Logo Microsoft sur écran d’ordinateur affichant Windows 11, avec message d’erreur et icône d’avertissement

Microsoft sous pression : Windows 11 pointé du doigt

Microsoft met la pression. Entre bugs persistants, publicités intégrées et une IA jugée intrusive, Windows 11 accumule les plaintes au moment même où Windows 10 s’apprête à disparaître : le support de Windows 10 prendra fin en octobre 2026.

Bugs mensuels et correctifs controversés

La colère n’est pas seulement numérique. Un correctif mensuel, censé résoudre plus de cent problèmes, a finalement introduit de nouveaux défauts — certains utilisateurs n’ont plus pu éteindre leur machine normalement — et a ravivé le mécontentement.

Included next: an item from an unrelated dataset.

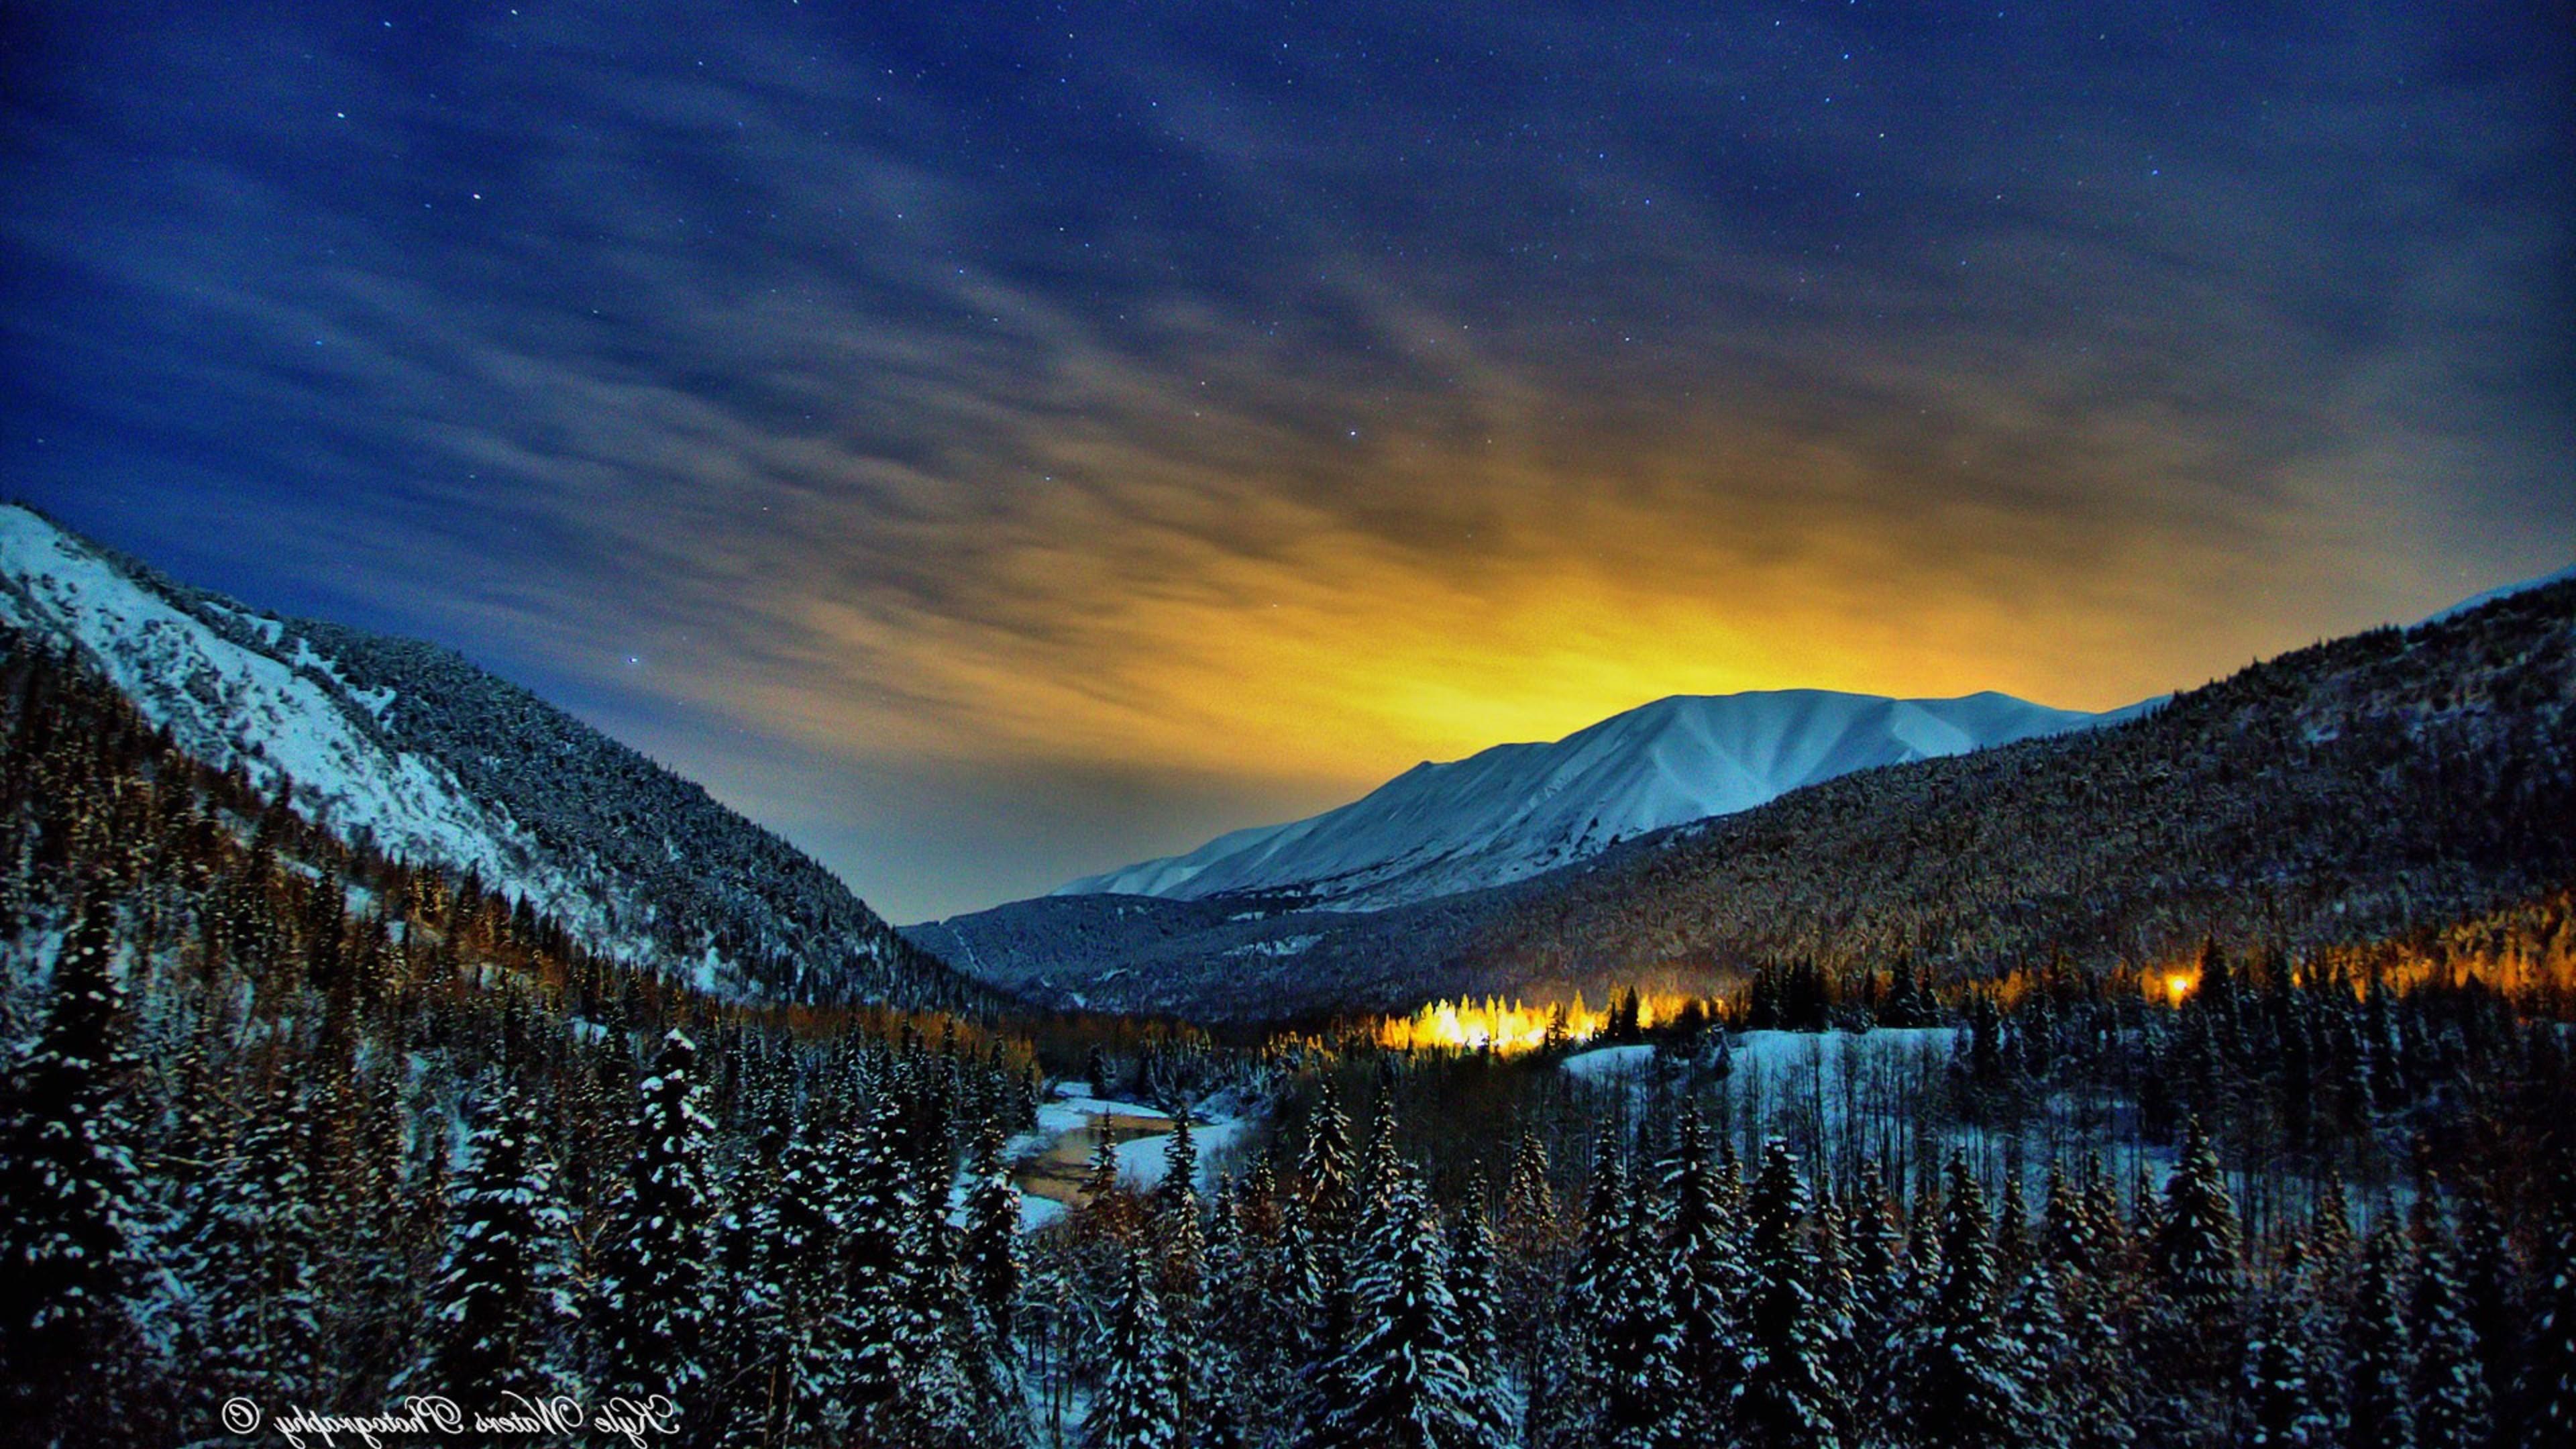 alaska winter nights 1535930779 - Alaska Winter Nights - winter wallpapers, nights wallpapers, nature wallpapers

À cela s’ajoutent des fonctionnalités d’intelligence artificielle qui divisent (le fiasco "Recall" en tête) et une présence publicitaire qui s’insinue jusque dans des fonctions centrales. Résultat : la communauté raille le système en l’appelant "Microslop".

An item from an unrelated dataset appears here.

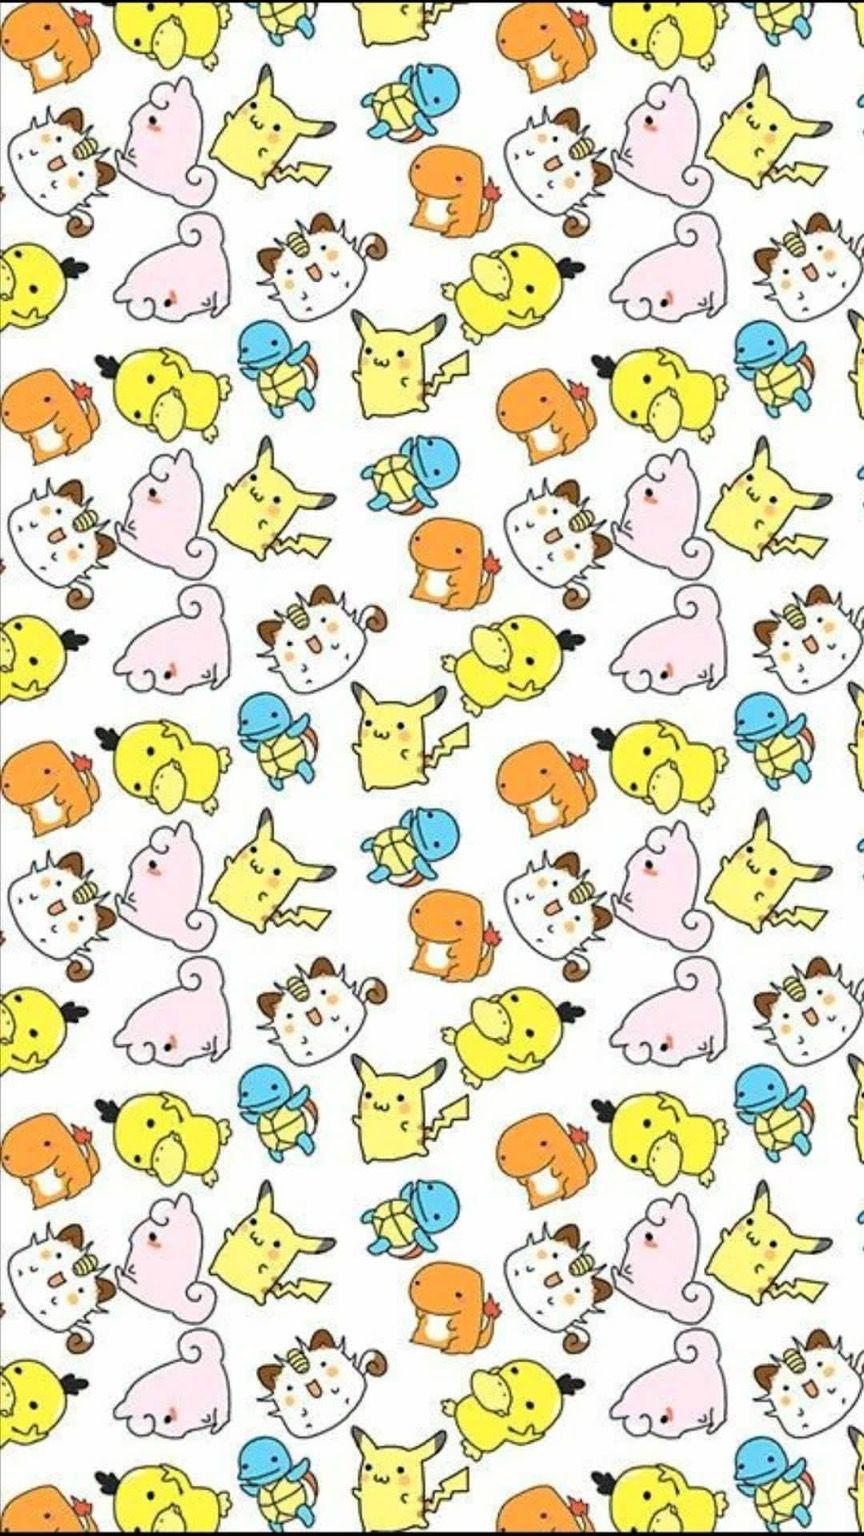 Pokemon Wallpaper おしゃれまとめの人気アイデア Pinterest

Quand un patch aggrave la stabilité

Le patch censé réparer a cassé davantage. Des fonctionnalités essentielles ont été affectées, des performances ont régressé, et l’expérience globale s’en ressent.

Pour des entreprises comme pour des particuliers, l’ordinateur redevient imprévisible — une promesse de stabilité rompue au pire moment, alors que la migration vers Windows 11 est encouragée, parfois forcée.

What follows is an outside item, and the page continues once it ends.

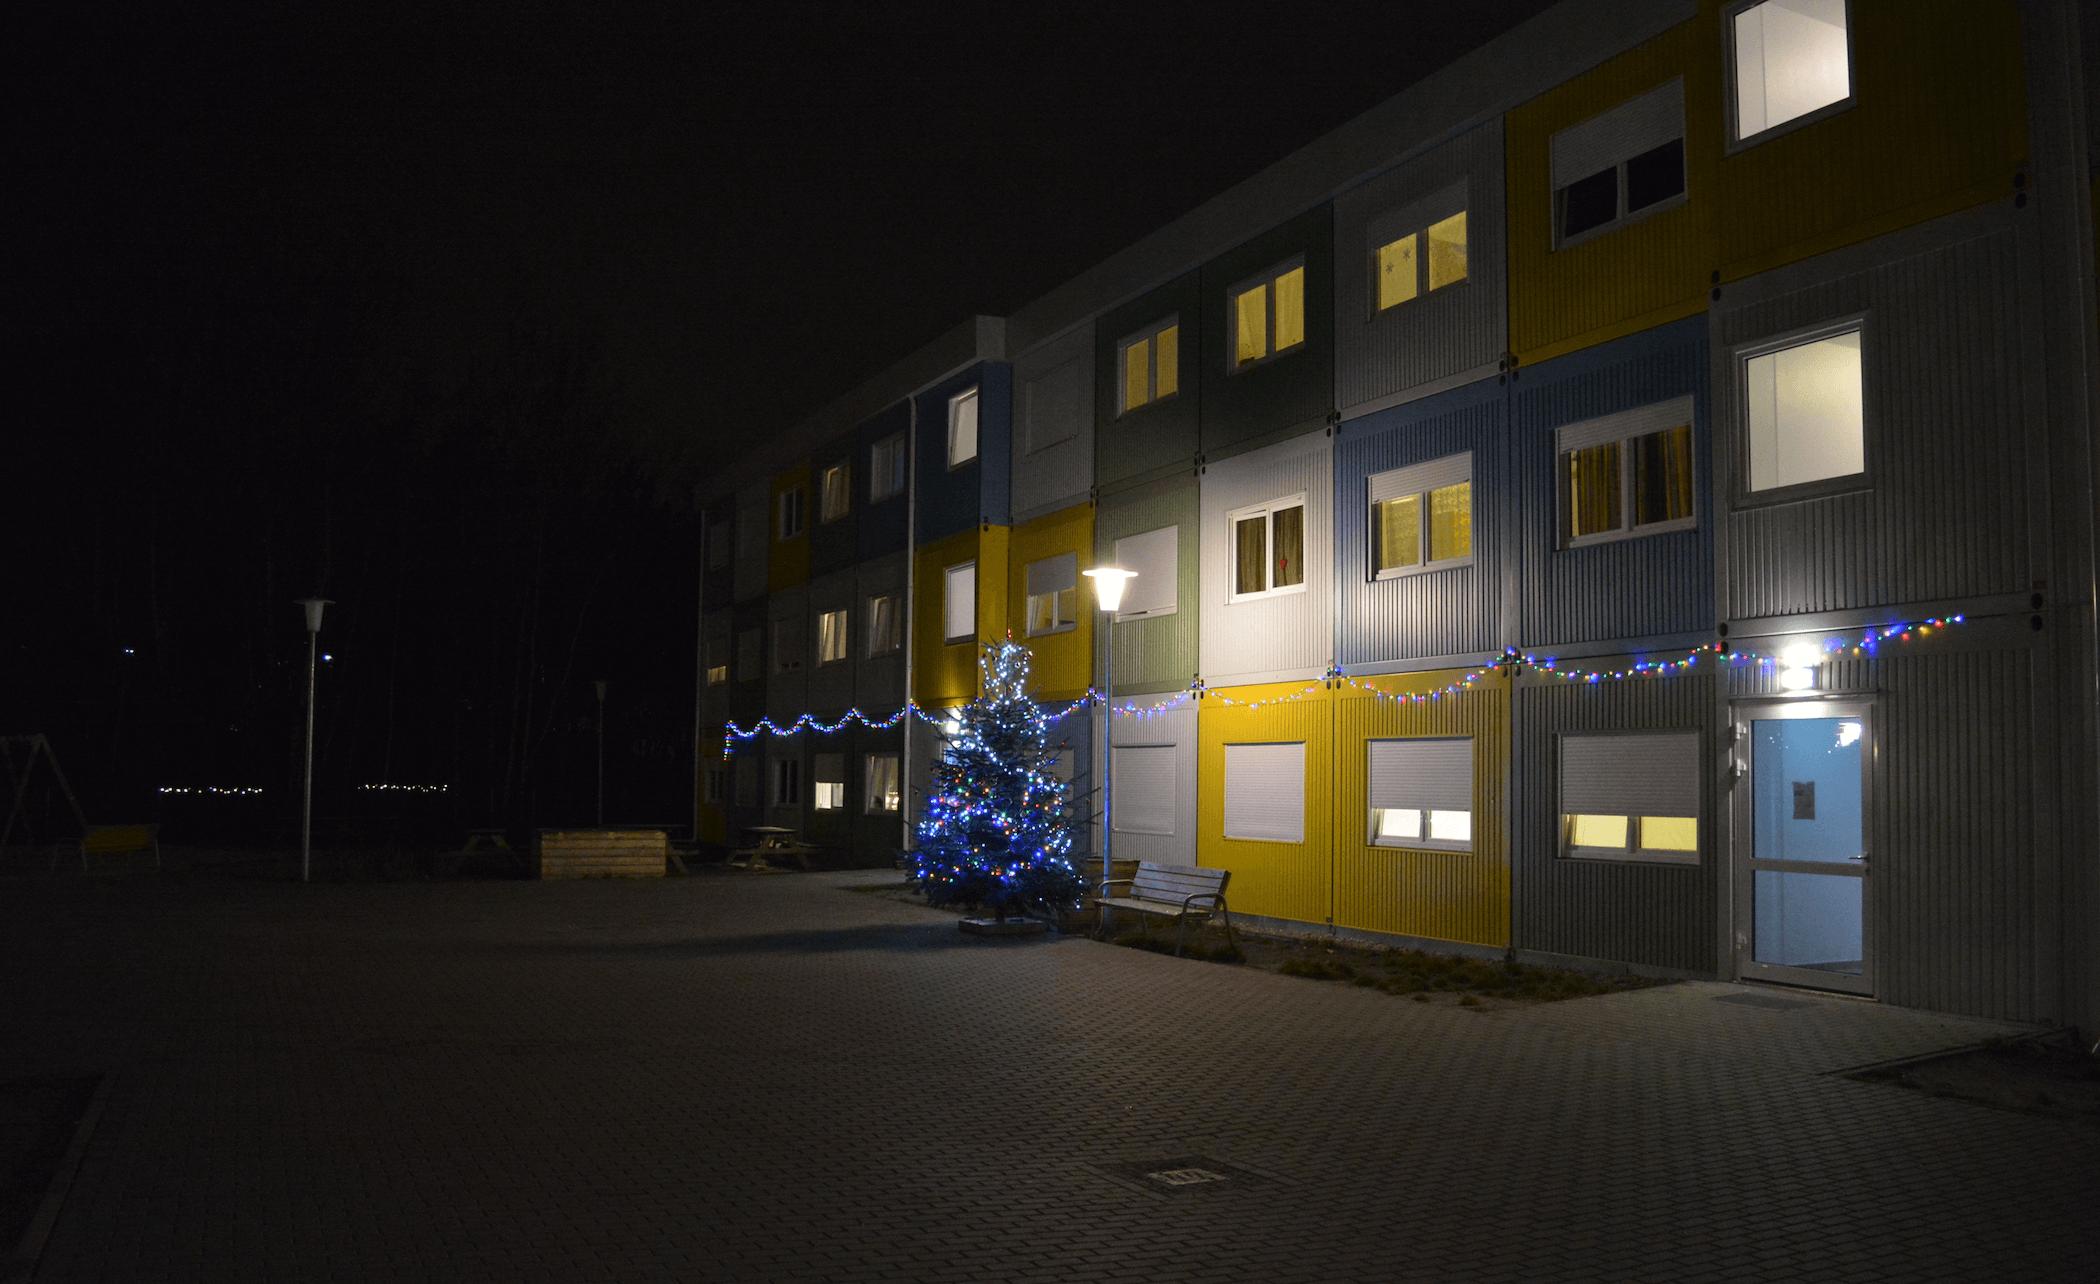 Weihnachtsbaum Fluechtlingsunterkunft

Réorganisation interne et réponse rapide

Microsoft a réagi en recentrant ses équipes. L’entreprise a lancé un processus baptisé "swarming" : mobilisation rapide de développeurs et d’ingénieurs pour cibler et corriger les failles les plus urgentes rapportées par les utilisateurs. "Nous devons améliorer Windows de façon significative pour nos clients", affirme Pavan Davuluri, président des activités Windows et appareils.

Le support de Windows 10 prendra fin en octobre 2026. Microsoft a réaffecté ses équipes d'ingénieurs au programme "swarming" pour corriger en priorité les défaillances de Windows 11.

Les priorités sont claires et simples : améliorer la performance système, la fiabilité et l’expérience utilisateur. Mais la route est courte entre la promesse et la perception publique.

Microsoft reste dominant dans l’écosystème informatique, mais sa réputation pâtit visiblement des ratés répétés. Les entreprises qui planifient leur parc informatique regardent désormais deux choses : la stabilité à court terme et le coût caché des mises à jour.

Ce qui arrive à Windows 11 n’est pas qu’un problème technique ; c’est un test de confiance. Si Microsoft corrige vite et bien, le géant retrouvera de la crédibilité. Si les correctifs tardent ou génèrent encore des régressions, l’irritation pourrait pousser certains clients à ralentir leur migration, voire à chercher des alternatives. Les prochains mois seront décisifs : la priorité annoncée est ambitieuse, mais l’utilisateur attend surtout des résultats concrets.